XOR ciphering can be bolstered against frequency analysis by iteratively generating new key text based on the input plaintext. This technique is formally called a Linear Feedback Shift Register. Constantly generating new key text prevents from producing similar letter frequencies in the resulting cipher text.

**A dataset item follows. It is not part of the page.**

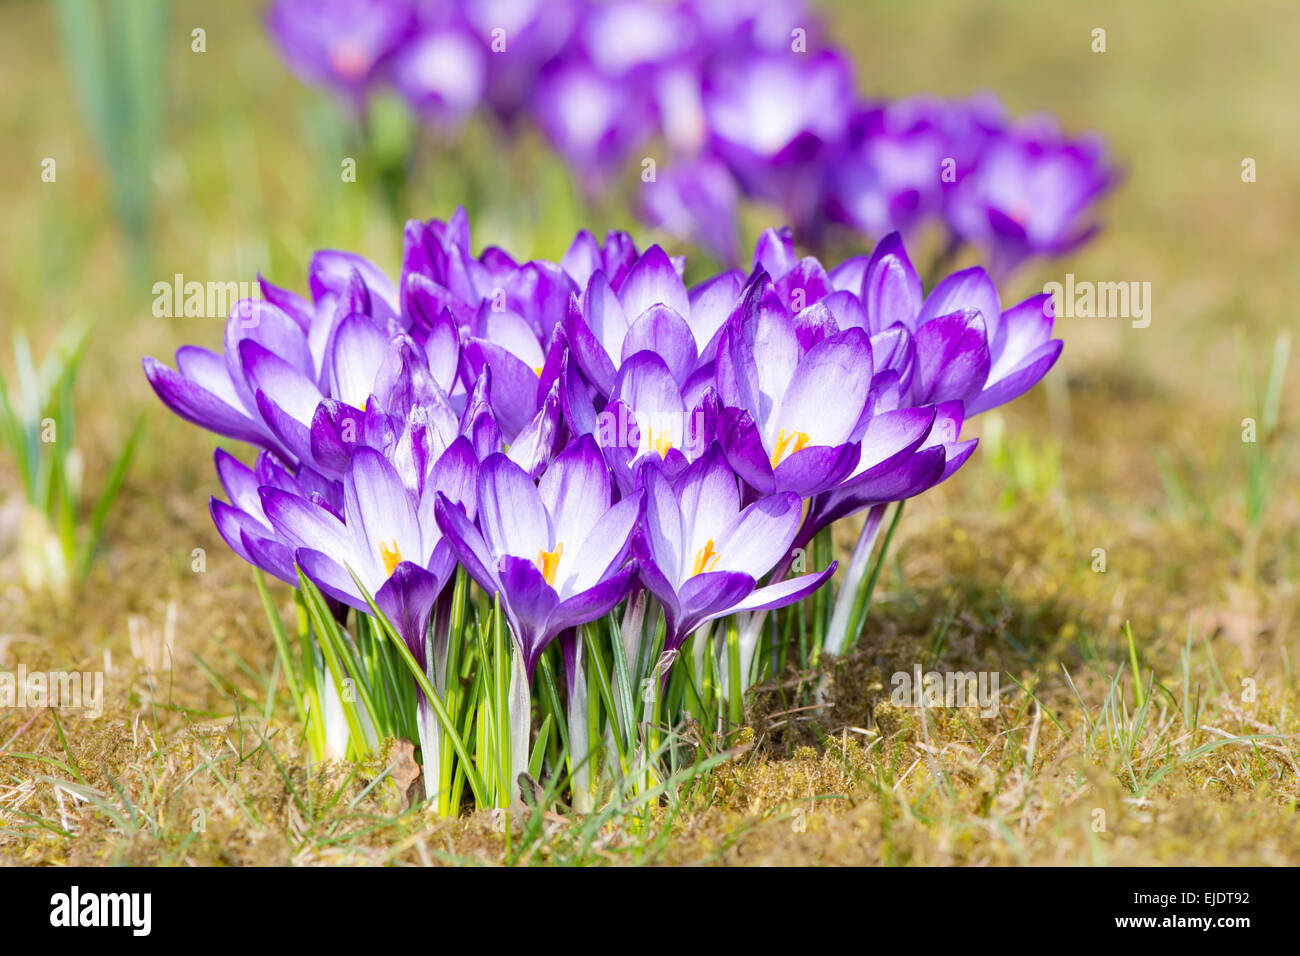 Macro of a group of purple crocus blossoms standing in the meadow Stock Photo

## Encrypting with Feedback

The code for a feedback XOR cipher is slightly more complicated than the repeating key variant, but still relatively straight forward.

```
def linear_feedback(key, plaintext):
sliding_window = key
for c in plaintext:
mixer = sum(sliding_window) % 255
cipher_char = c ^ mixer
yield cipher_char
sliding_window = sliding_window[1:]
sliding_window.append(cipher_char)
```

The `sliding_window`

variable here acts as our shift register, constantly
changing based on the input text.

Decrypting is almost the same as encrypting, but not quite:

```
def linear_feedback_decrypt(key, ciphertext):
sliding_window = key
for c in ciphertext:
mixer = sum(sliding_window) % 255
plaintext_char = c ^ mixer
yield plaintext_char
sliding_window = sliding_window[1:]
sliding_window.append(c)
```

The sliding window is populated with the raw ciphertext instead of the output of the XOR operation.

## Breaking the Cipher

Simple frequency analysis no longer works, since our `mixer`

prevents from
key repetition. This type of cipher is vulnerable to a known plaintext attack, however that
approach is too complicated for this blog post.